Data excerpts
________

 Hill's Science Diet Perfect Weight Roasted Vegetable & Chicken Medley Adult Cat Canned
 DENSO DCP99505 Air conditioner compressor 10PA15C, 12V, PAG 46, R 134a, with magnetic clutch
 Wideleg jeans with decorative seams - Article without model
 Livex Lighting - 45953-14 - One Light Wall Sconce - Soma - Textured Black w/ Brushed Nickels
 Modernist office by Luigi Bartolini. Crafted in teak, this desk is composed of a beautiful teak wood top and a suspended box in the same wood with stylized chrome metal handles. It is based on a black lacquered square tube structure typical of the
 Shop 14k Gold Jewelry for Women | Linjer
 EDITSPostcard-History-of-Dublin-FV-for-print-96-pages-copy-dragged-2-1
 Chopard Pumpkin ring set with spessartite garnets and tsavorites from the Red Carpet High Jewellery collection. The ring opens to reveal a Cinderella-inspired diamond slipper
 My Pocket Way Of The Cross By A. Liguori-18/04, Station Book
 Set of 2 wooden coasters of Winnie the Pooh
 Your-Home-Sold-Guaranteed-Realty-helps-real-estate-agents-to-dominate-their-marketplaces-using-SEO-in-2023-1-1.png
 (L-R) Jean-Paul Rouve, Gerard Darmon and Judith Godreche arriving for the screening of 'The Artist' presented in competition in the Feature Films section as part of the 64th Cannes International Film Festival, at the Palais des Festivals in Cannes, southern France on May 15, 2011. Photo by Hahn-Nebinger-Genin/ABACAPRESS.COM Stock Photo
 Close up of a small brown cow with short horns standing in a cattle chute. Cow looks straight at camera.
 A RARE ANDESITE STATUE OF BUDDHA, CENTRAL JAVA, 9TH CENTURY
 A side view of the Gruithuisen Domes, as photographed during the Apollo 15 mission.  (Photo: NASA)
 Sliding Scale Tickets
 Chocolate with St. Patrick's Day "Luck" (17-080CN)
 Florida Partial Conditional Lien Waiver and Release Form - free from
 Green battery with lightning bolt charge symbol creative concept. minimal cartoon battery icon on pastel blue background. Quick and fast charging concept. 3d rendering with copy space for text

________

TASK BRIEF
What are the lines above, starting at the one with "DENSO DCP99505 Air" and ending at the one with "A RARE ANDESITE"? Give them again exactly, and only them.

ANSWER TO THE PROBLEM
 DENSO DCP99505 Air conditioner compressor 10PA15C, 12V, PAG 46, R 134a, with magnetic clutch
 Wideleg jeans with decorative seams - Article without model
 Livex Lighting - 45953-14 - One Light Wall Sconce - Soma - Textured Black w/ Brushed Nickels
 Modernist office by Luigi Bartolini. Crafted in teak, this desk is composed of a beautiful teak wood top and a suspended box in the same wood with stylized chrome metal handles. It is based on a black lacquered square tube structure typical of the
 Shop 14k Gold Jewelry for Women | Linjer
 EDITSPostcard-History-of-Dublin-FV-for-print-96-pages-copy-dragged-2-1
 Chopard Pumpkin ring set with spessartite garnets and tsavorites from the Red Carpet High Jewellery collection. The ring opens to reveal a Cinderella-inspired diamond slipper
 My Pocket Way Of The Cross By A. Liguori-18/04, Station Book
 Set of 2 wooden coasters of Winnie the Pooh
 Your-Home-Sold-Guaranteed-Realty-helps-real-estate-agents-to-dominate-their-marketplaces-using-SEO-in-2023-1-1.png
 (L-R) Jean-Paul Rouve, Gerard Darmon and Judith Godreche arriving for the screening of 'The Artist' presented in competition in the Feature Films section as part of the 64th Cannes International Film Festival, at the Palais des Festivals in Cannes, southern France on May 15, 2011. Photo by Hahn-Nebinger-Genin/ABACAPRESS.COM Stock Photo
 Close up of a small brown cow with short horns standing in a cattle chute. Cow looks straight at camera.
 A RARE ANDESITE STATUE OF BUDDHA, CENTRAL JAVA, 9TH CENTURY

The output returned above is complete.